The world of artificial intelligence (AI) has experienced exponential growth and has an insatiable hunger to consume data. From self-driving cars to chatbots that mimic human conversation, AI is revolutionizing industries at a blistering pace. AI’s power is derived from its data backbone. Access to data, the speed of its processing, and scalable storage performance are all pivotal factors that determine the efficiency of an AI pipeline. This is where Qumulo has proved itself to be the best data storage solution on the planet for AI workloads, as the industry’s highest performance and most cost-effective file data solution in the cloud.
Why Qumulo is Ideal for File-based AI Workloads
AI applications, be it deep learning models or neural networks, require a unique set of storage characteristics, all of which are satisfied by Qumulo:
- Scalability: AI datasets are dynamic. They grow over time as more data is collected and processed. Qumulo’s ability to scale with predictable high performance ensures that as AI workloads grow, Qumulo can meet its demands at any scale.
- Cost-effectiveness: Funding AI initiatives can be a significant investment. Saving on storage costs without compromising on performance can free up resources for other critical areas, be it research, development, or production deployments.
- Ability to Scale AnywhereTM: Infrastructure owners and data scientists benefit from the flexibility of training in one location, but deploying in another, with highly secure infrastructure. Qumulo’s software-defined storage system can be deployed and run anywhere. This makes it easy to train an AI model in the core data center, but push to production anywhere.

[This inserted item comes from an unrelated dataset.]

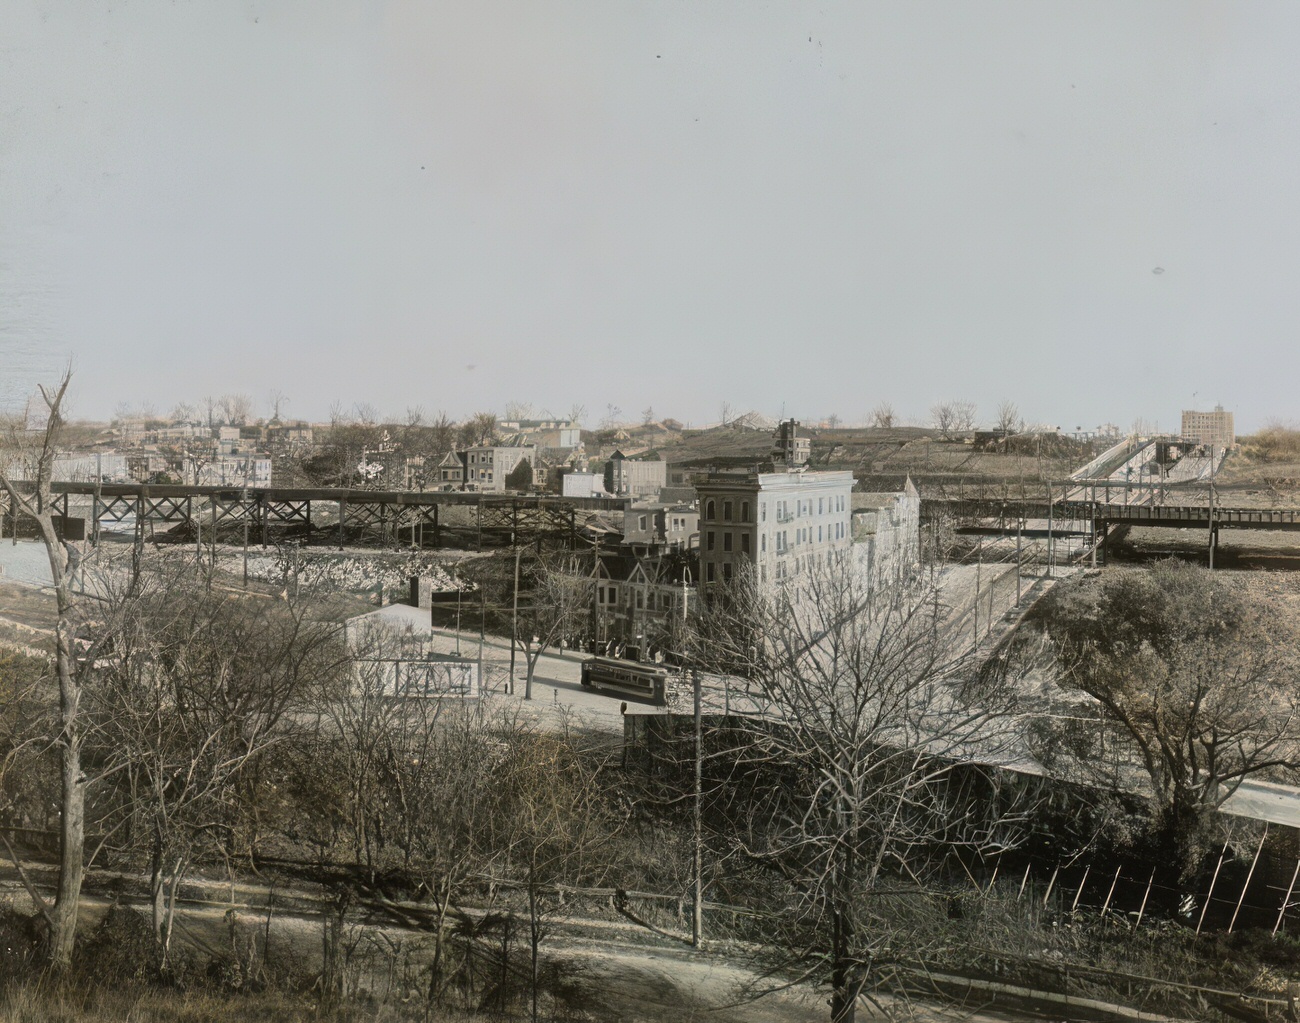 View From Huber Property On Anderson Avenue, Circa 1915.

- Performance: AI models, especially those used in scenarios like autonomous vehicles or financial transactions, need real-time data access for pre and post model training. Qumulo’s high-speed data retrieval ensures that data is available the moment it’s required.
Let’s drill into bullet #4 and underscore the importance of seamless and lightning-fast retrieval of data / metadata. This is vital for AI applications that require scalable file storage – on premises or in the cloud.
Through testing synthetic AI workloads, we found that we are indeed the fastest file-based cloud solution on the market for AI, where data scientists can use Qumulo for data collection, pre-training, production training, and ongoing inference — no matter the scale.
Widely Applicable AI Benchmark
To put Qumulo’s performance capabilities into perspective, let’s dive into the latest result achieved with Qumulo running in the cloud on AWS infrastructure. We used SPECstorage to characterize AI performance on Qumulo. This benchmark (aptly named AI_Image) leverages file sizes and I/O patterns that synthetically and accurately exercise common AI workloads:
- Based on Tensorflow best practices – world’s most widely deployed AI/ML framework
- Traced from 3 different models: Resnet, VGG (Visual Geometry Group), and SSD (Single shot detector)
- Using open source datasets from CityScape, ImageNet, and COCO
Due to Tensorflow’s ubiquity in the AI space, the benchmark applies to a wide range of AI model workloads that produce AI results for:
- Image Classification and Object Detection
- Natural Language Processing (NLP)
- Speech Recognition
- Recommendation Systems
- Generative Models
- Healthcare and Life Sciences
…and MANY more
Benchmark Description and Results Achieved
The goal of the benchmark is to serve data quickly from Qumulo storage to the application layer (using GPUs) running the AI jobs. The benchmark tests the storage performance and latency from a realistic set of I/O patterns from a batch of clients. The clients incrementally increase their number of AI jobs until they reach the target, which in the case of this test is a total of 480 jobs. There are four main operations in the benchmark, with 4 independent concurrent sub-workloads:
- AI_SF – Reads of small image files
- AI_TF – Writes out larger files (ideally 100 MB+ files)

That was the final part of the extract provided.